The album’s legendary eight-minute opening track, “Keep On”, and the breathtakingly beautiful “Errors” showcase the absolute genius of Alfa’s structural matrix. The rhythm section operates in a slow, hypnotic hip-hop pocket, allowing the bass to breathe and the drums to accent the gaps. Over this cushion, Alfa’s piano chords function like an emotional anchor, deploying rich minor 9th and 11th intervals that feel incredibly warm yet devastatingly sad. Suddenly, a roaring, post-bop trumpet solo by Ife Ogunjobi or a fluid guitar line by Mansur Brown cuts through the arrangement, creating a magnificent tension between underground street-beats and high-art modal improvisation.
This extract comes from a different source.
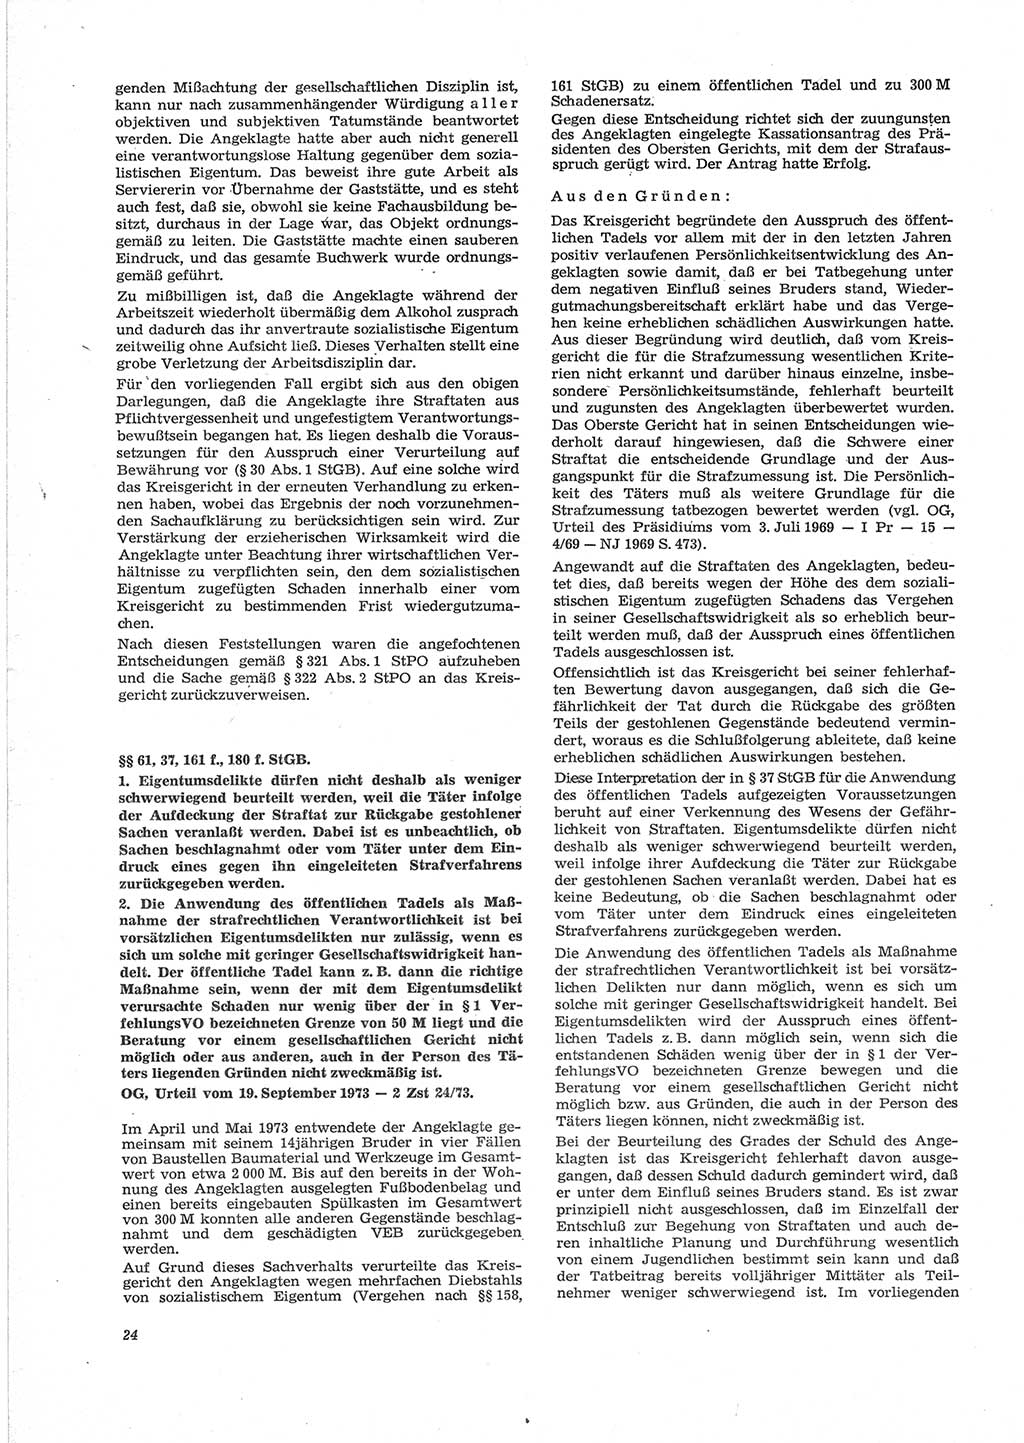 Neue Justiz (NJ), Zeitschrift für Recht und Rechtswissenschaft [Deutsche Demokratische Republik (DDR)], 28. Jahrgang 1974, Seite 24 (NJ DDR 1974, S. 24)

The Low-Fidelity Prophesy Across the Modern Latitude
True to the forward-thinking, borderless spirit of Jazz Latitude, Alfa Mist’s rapid ascension proves that the future of jazz is completely decentralized, independent, and boundary-blind. Boasting sold-out global tours from London to Tokyo and collaborating with everyone from the London Contemporary Orchestra to hip-hop vanguard figures, he has bridged the gap between the street beatmaker and the orchestral composer.
Alfa Mist has stamped a deep, indigo-tinted coordinate on our map—a beautiful, swinging reminder to the universe that when raw hip-hop instincts align themselves with the boundless, improvisational depth of jazz piano, the music completely sheds its old-world elitism to become a cinematic voice for a brand new generation.